I've submitted a PR https://github.com/eclipse/microprofile-metrics/pull/595 that removed global/app tags handling out of MetricID and moves the responsibility to implementations (most likely exporters). Feedback is welcome.

donbourne commented 4 years ago

I've commented in the PR -- the addition of the _app tag has to happen at or before metric registration time as it differentiates the same metric used in two different apps. I think we need to investigate if it would be possible to add the _app tag at registration time by each impl.

Note that currently all of the "global" tags can actually be app-specific, since MP Config allows for config settings to be specified in a file in the app.

So I think perhaps both "global" and _app tags may need to happen at or before metric registration time.

aseovic commented 4 years ago

I think arbitrary global tags could be moved out of Metric ID, but we'd still have the app tag from mp.metrics.appName to deal with. That app tag isn't just decorative as servers that have multiple applications use the app tag to differentiate metrics with otherwise identical MetricIDs. If the app tag has to stay here then there's not much gain out of moving the arbitrary global tags to another class.

I'm not sure -- presumably, different apps will have different metrics registries, and the server could easily register different global _app tag with each registry. After all, the knowledge/awareness of multiple applications belongs to the server, not to the application.
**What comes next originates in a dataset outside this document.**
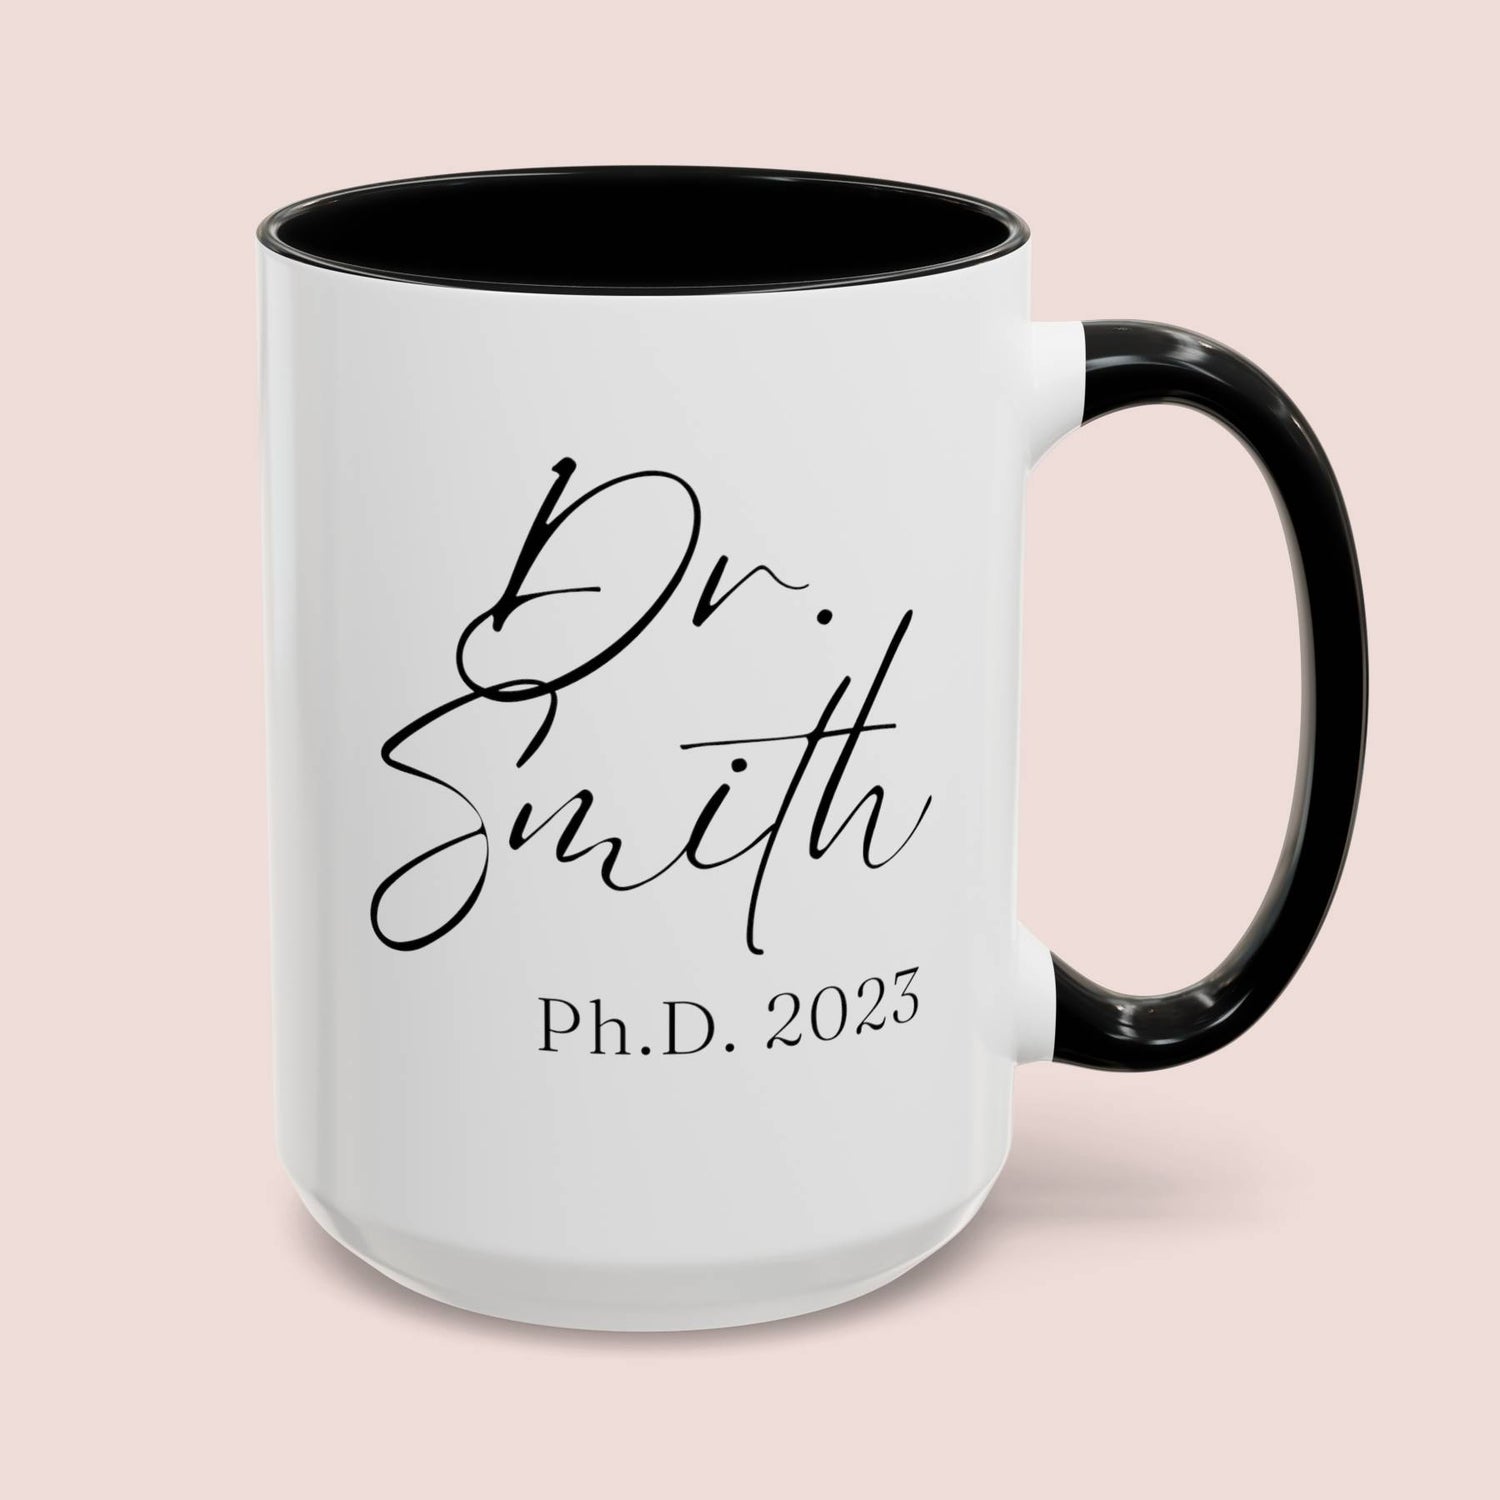 Dr Smith PHD Graduation 15oz white with black accent funny large coffee mug gift for doctorate degree graduate student grad custom name date personalized customize waveywares wavey wares wavywares wavy wares cover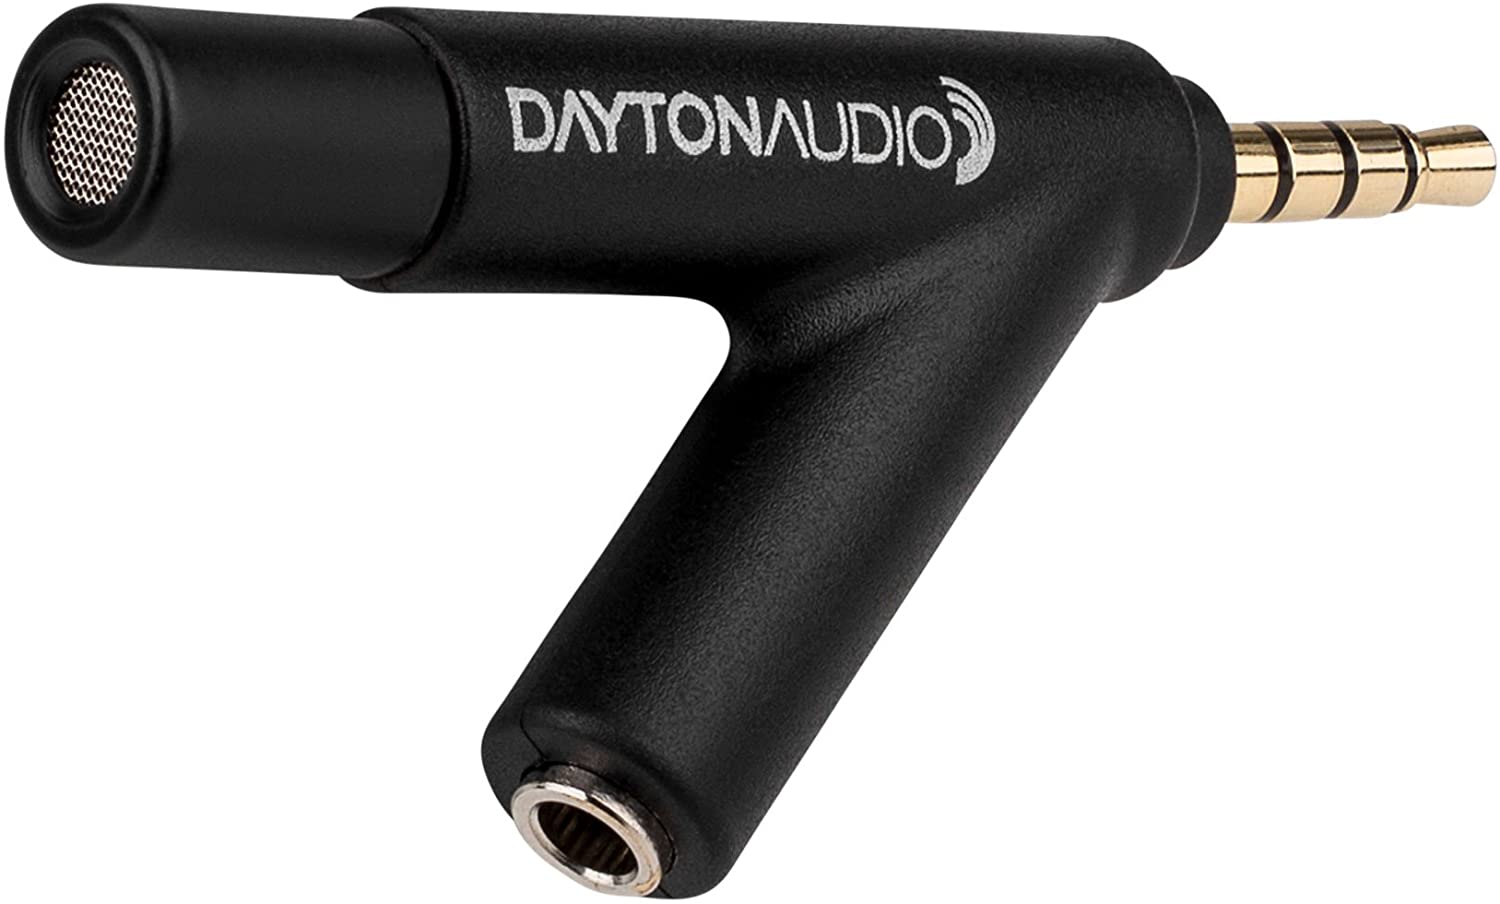 [Open Box] Dayton Audio iMM-6 Calibrated Measurement Microphone for iPhone, iPad Tablet and Android

aseovic commented 4 years ago

Sorry, I've been quite busy over the last few months and this fell off the radar, but glad to see that the discussion continued and the progress has been made.

Just to confirm, I agree with the consensus you've reached -- it absolutely makes sense to remove global tags from the MetricID completely and put onus on either registry or the "exporter" to add them. In vast majority of the cases the application is unaware of them, and can't use them to query metrics anyway.

I will close this PR and we can continue discussion in #595.